So just when I thought I couldn't feel worse about myself -- you know, the whole here-I-am-ditching-another-manuscript-so-I'm-beating-myself-up thing -- I get the following in an email from my Cousin Neesie:

(click for bigger picture)

Now, normally, this is the type of thing you send all your girlfriends so you can all Hee-Hee- Haa-Haa and commiserate with each other about men's habits. And I agree, it's funny! Or it would be, if I wasn't the one reading it.

Reasons why this is not so much with The Funny to me:

1) While I know HOW to fill up ice trays, umm... I sometimes forget to follow-through. I won't say how often the empties end up stacked on the counter or they get filled with water but fail to make it all the way to the freezer. Basically? Mr. Clean has started buying bags of ice during the summer months.

2) Toilet Paper rolls. Heh. Yeah, I'm not so good with this one either. I find going to the bathroom an interruption of my time. So I do it quickly. Taking the time to remove the used roll and replace it with a new one? Nahhh. I just set the new one on top of the old roll. I live with boys so no one complains. And in my defense, I do actually put new ones ON the holders like once a month or so.

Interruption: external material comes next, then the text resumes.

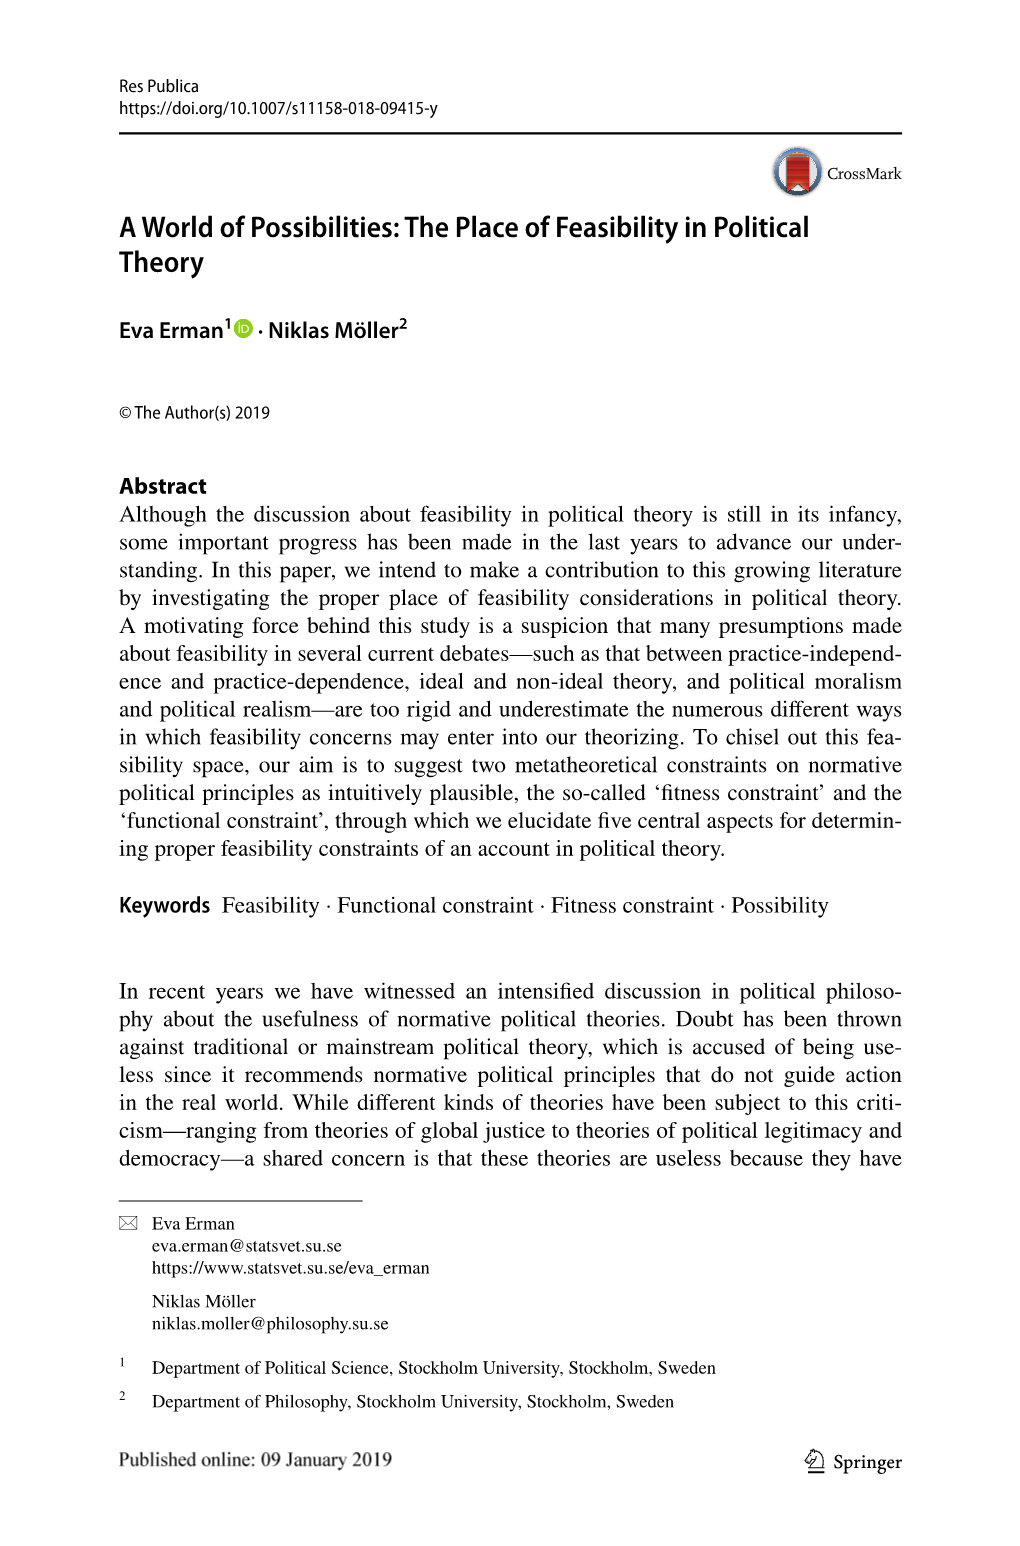 A World of Possibilities: the Place of Feasibility in Political Theory
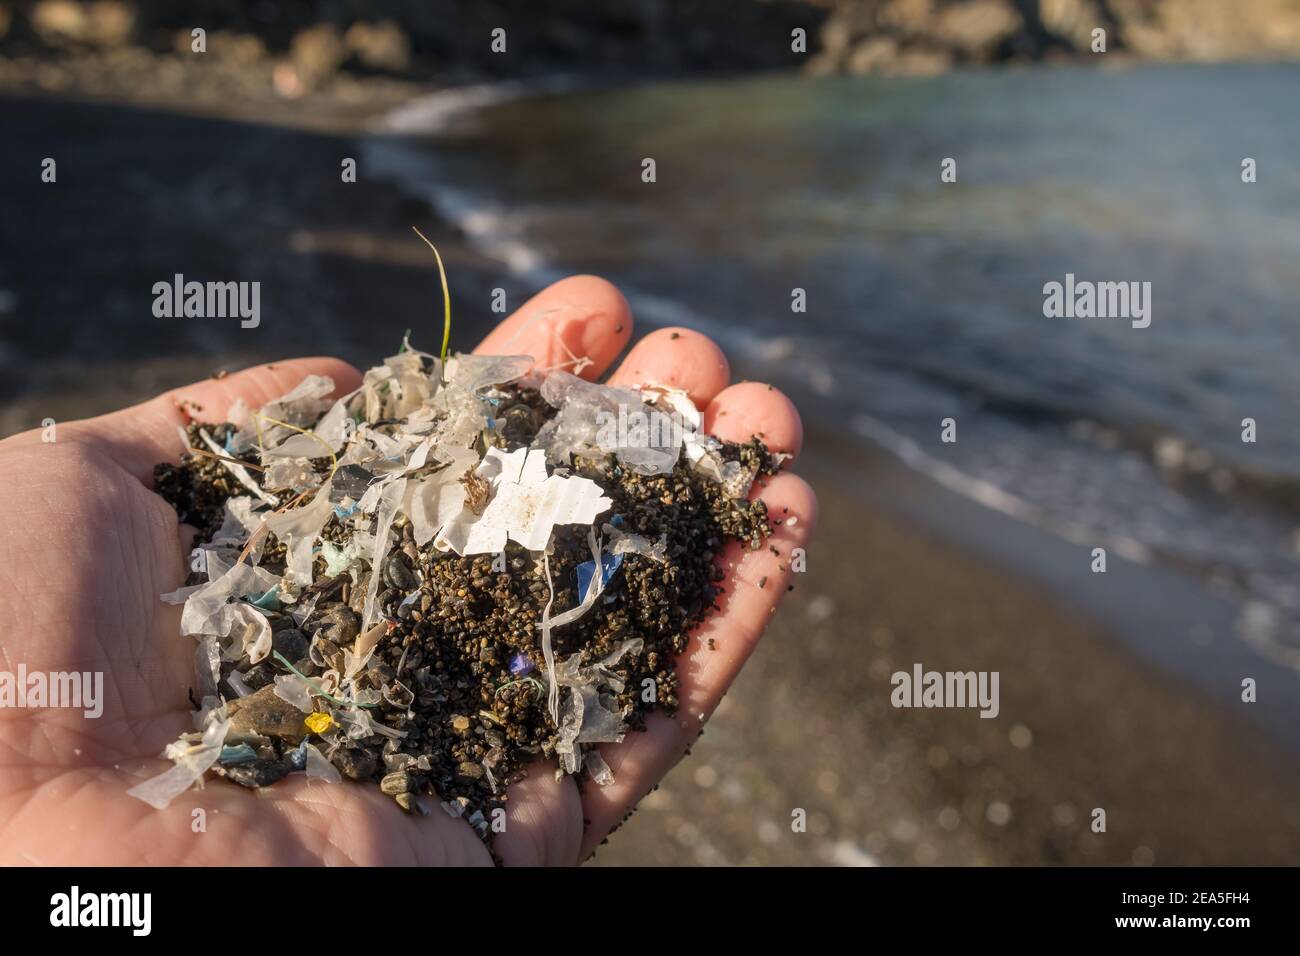 Small plastic parts and microplastics on the sand beach Stock Photo

3) Okay, this is a valid beef... especially for me, living with the three boys like I do. It only took me falling into the toilet at two o'clock in the morning (ONCE) to threaten the lives of every male in my house. They're pretty good now at putting the seats down. As far as Seat Sprinkling - I think I blogged about this before,
here. Women are BY FAR the worst offenders in that area, I'm sorry to say it.

4) We have a laundry hamper. I know where it's located. I usually make it there. I'll admit, however, that the only main reason dirty clothes make it to the hamper is that if they don't... Schatzi, the psycho cat, will christen them. On the flip side of that, my hope chest - at the end of my bed - has a magnetic tractor beam for clean, folded clothes. They never seem to make it to my drawers. At least they're neat and folded, though!

5) My dinner dishes DO make it to the sink. And then I bribe my boys to put them in the dishwasher. I have a psychotic serious abhorrence to seeing little bits of food in the sink. It makes me gag. I won't touch anything in the vicinity. My boys have a STINKY NASTY BAD habit of dumping their cereal bowls into the sink... leaving little spongy mush Cheerios sitting there in the drain where they wait to jump up and bite me. So. I Do Not Do Dishes.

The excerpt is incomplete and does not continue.